ベッドの縁に座り、その華奢な左手を見ながら悪戦苦闘する彼女。開け放った窓からは光る風が彼女の髪を揺らし僕の頬を打つ。
陽は落ち月が上った。ベッドの中で足を絡ませた僕らは何もないままに時間を過ごし、彼女は電車に乗って帰っていった。
部屋に残された余韻がつむじから足先に至るまでまとわりつき、よそよそしさを感じながら眠りについた。

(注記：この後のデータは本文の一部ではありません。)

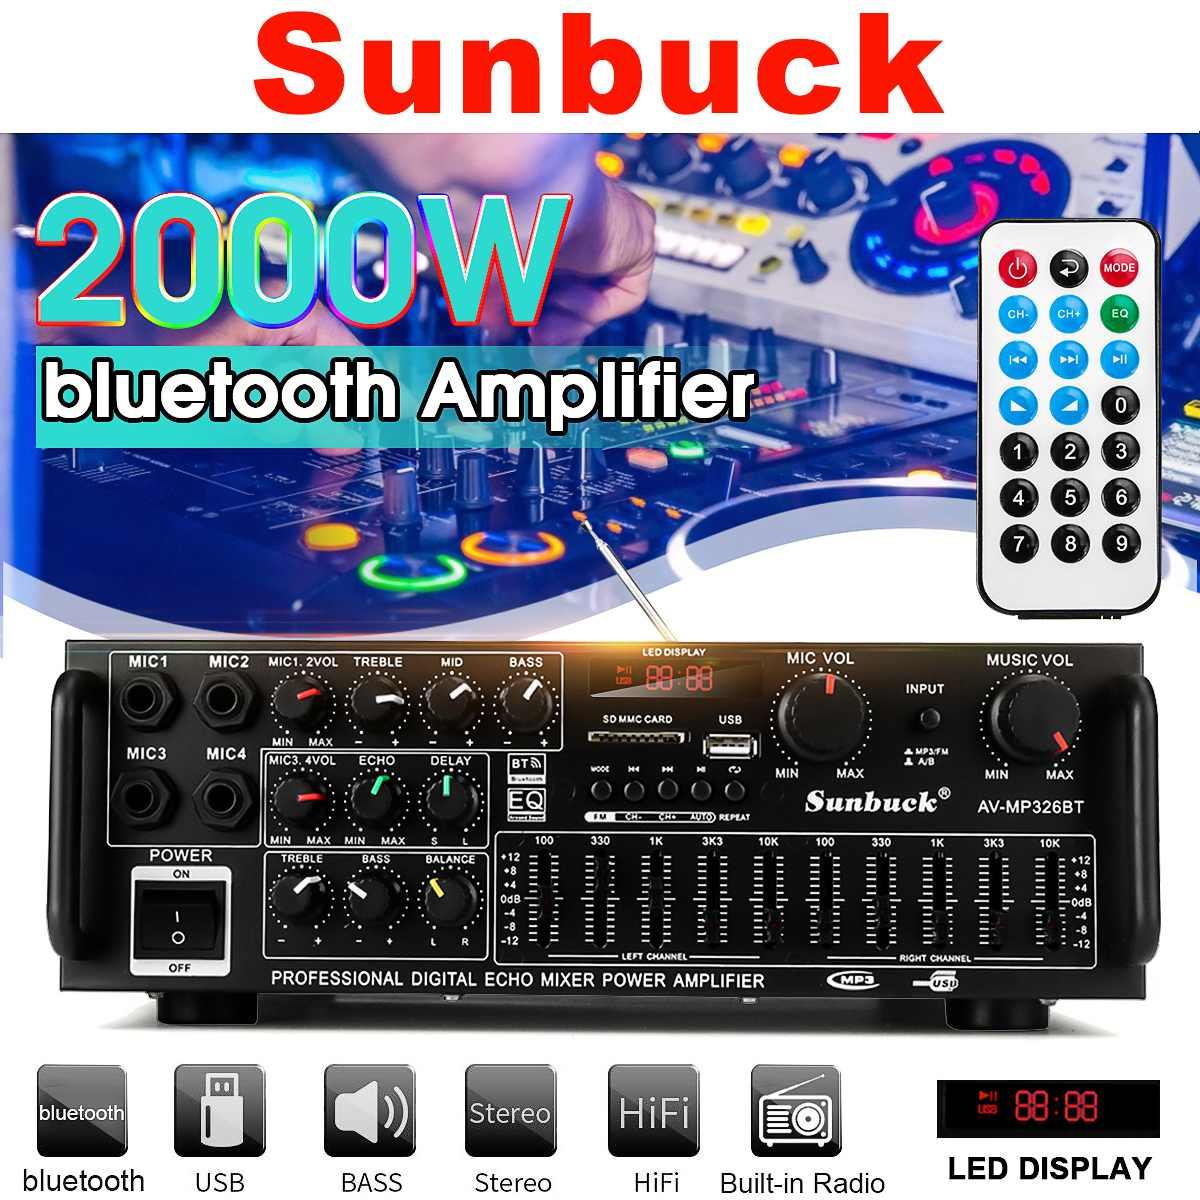 2000W 110 V/220 V 2 canales bluetooth inicio estéreo amplificador de Audio USB SD amplificadores remotos subwoofer amplificador

僕らは石川県へと職場を変えざるを得なくなった。しかし彼女は少し躊躇して返事を保留にしていたこともあり、異なる入社日となった。
新たな職場では会う機会が激減する事も考えられたため、僕らの間にはわずかにお別れの雰囲気が出ていた。
僕が石川県へ向かう前にも彼女は家を訪ねてきて、青椒肉絲を振る舞ってあげた。食事が終わってから僕らは抱き合った。
彼女の体温や匂い、息遣いまでも感じられるような中で最後になるかもしれないこの逢瀬を餌に群がる鳩のように余すところなく吸収しようとした。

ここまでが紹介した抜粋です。